Bamforth–Lazarus syndrome

Bamforth–Lazarus syndrome
Other namesAthyroidal hypothyroidism-spiky hair-cleft palate syndrome, Bamforth syndrome
Illustration shows person with Bamforth-Lazarus syndrome, with extensive cleft palate, hypertelorism, spiky hair and low posterior hairline, and low set ears.
SpecialtyMedical genetics
SymptomsCongenital hypothyroidism, cleft palate, spiky hair, choanal atresia, bifid epiglottis
Usual onsetPresent at birth
CausesGenetic (autosomal recessive disorder, mutation in FOXE1 gene)
TreatmentThyroid hormone replacement therapy
PrognosisGood prognosis with treatment

Bamforth–Lazarus syndrome is a rare inherited genetic condition caused by rare variants in the forkhead domain of the FOXE1 gene, which encodes a protein involved in thyroid development.[1] The prevalence of Bamforth–Lazarus syndrome is less than 1 in 1 000 000 people.[2] It follows an autosomal recessive mode of inheritance pattern.[1] The disorder is characterized by congenital hypothyroidism due to thyroid dysgenesis and other symptoms including, cleft palate, spiky or coarse hair, choanal atresia, and occasionally a bifid epiglottis.[3]

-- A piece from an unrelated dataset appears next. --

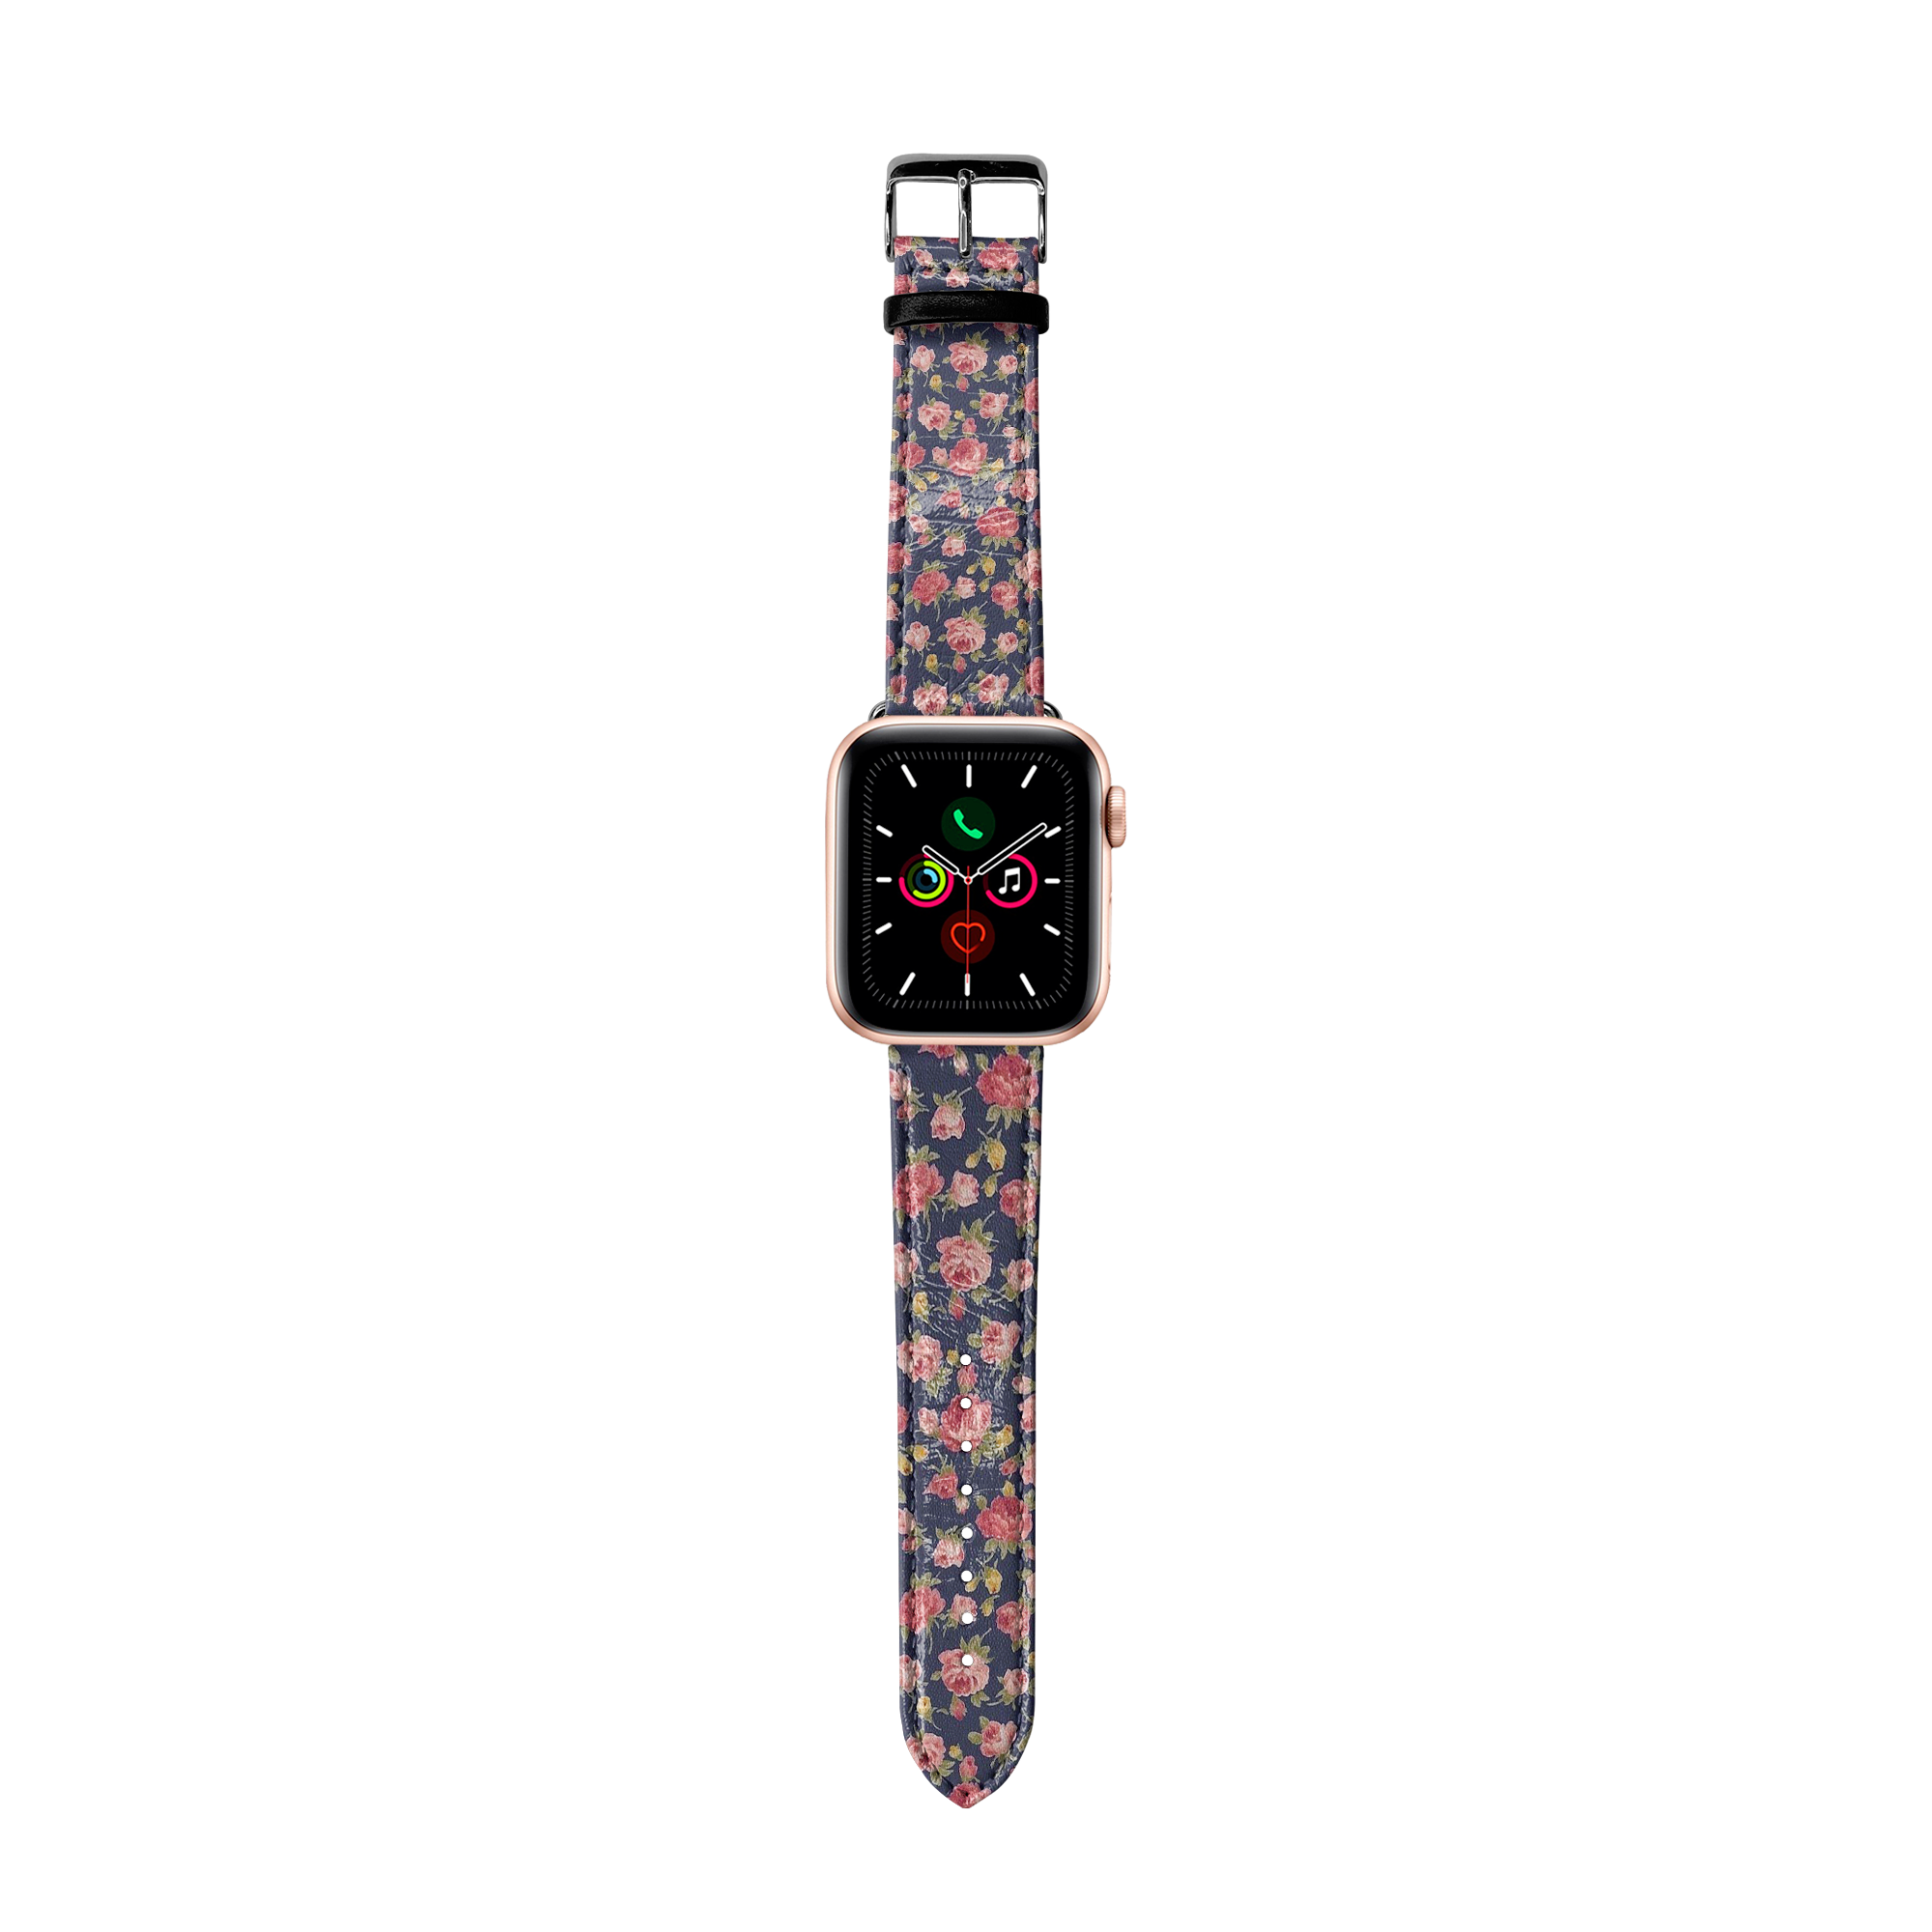 Apple Watch Premium Leather Strap Flower Series Design 03
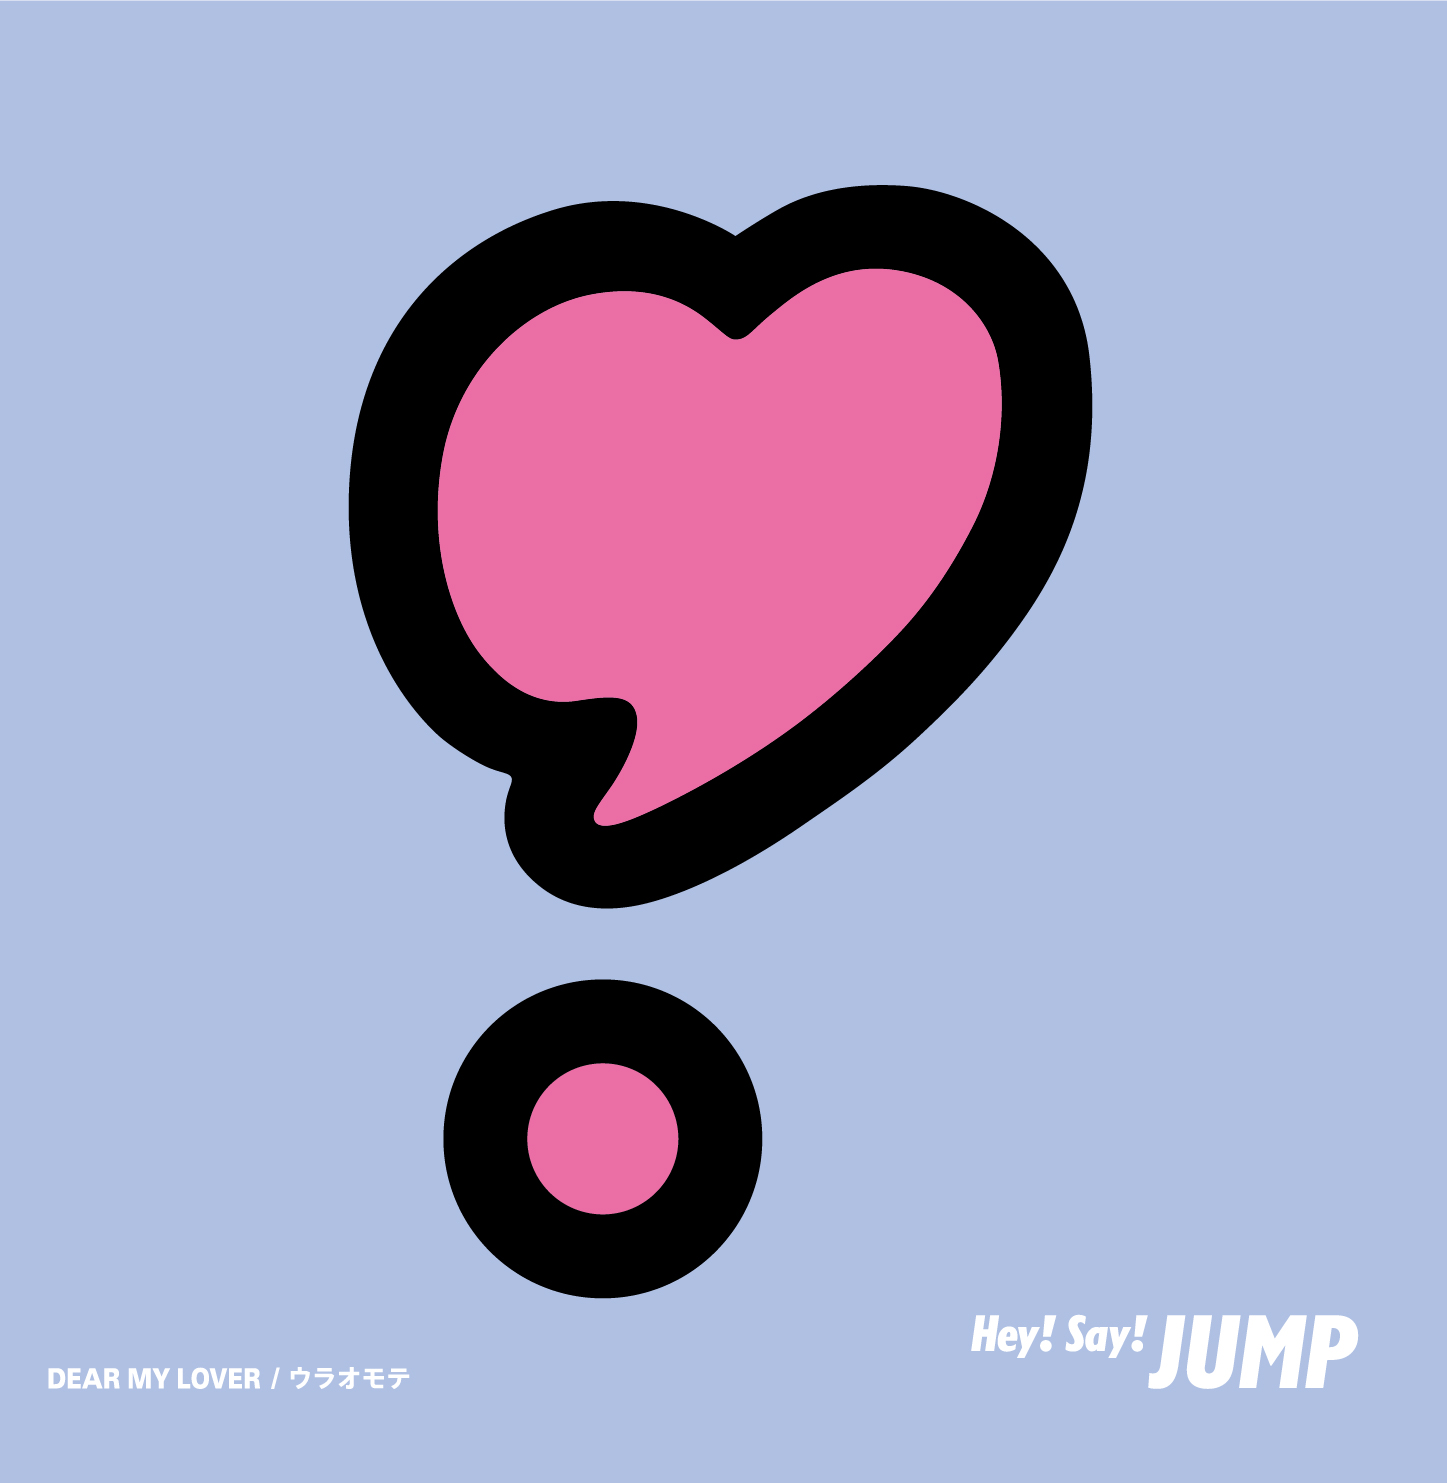 Hey!Say!JUMP 最新シングル「DEAR MY LOVER/ウラオモテ」が最新「オリコン週間合算シングルランキング」週間24万6000PTで1位

Bamforth–Lazarus syndrome was first described in 1989 by the physicians J. S. Bamforth and J. H. Lazarus.[4]

Signs and symptoms

The primary feature of Bamforth–Lazarus syndrome is congenital hypothyroidism,[1] which is an endocrine condition in which the thyroid gland fails to produce sufficient levels of thyroid hormones.[5] This is due to the fact that affected individuals often exhibit thyroid dysgenesis, or have an underdeveloped, incorrectly placed, or entirely missing thyroid gland (thyroid agenesis).[6] As thyroid hormones are crucial for regulating metabolism, insufficient levels can impact heart rate, body temperature, and body weight.[7] This can lead to several common symptoms seen in affected individuals, including slow heart rate, severe fatigue, constipation, muscle aches, high sensitivity to cold, and weight gain.[7]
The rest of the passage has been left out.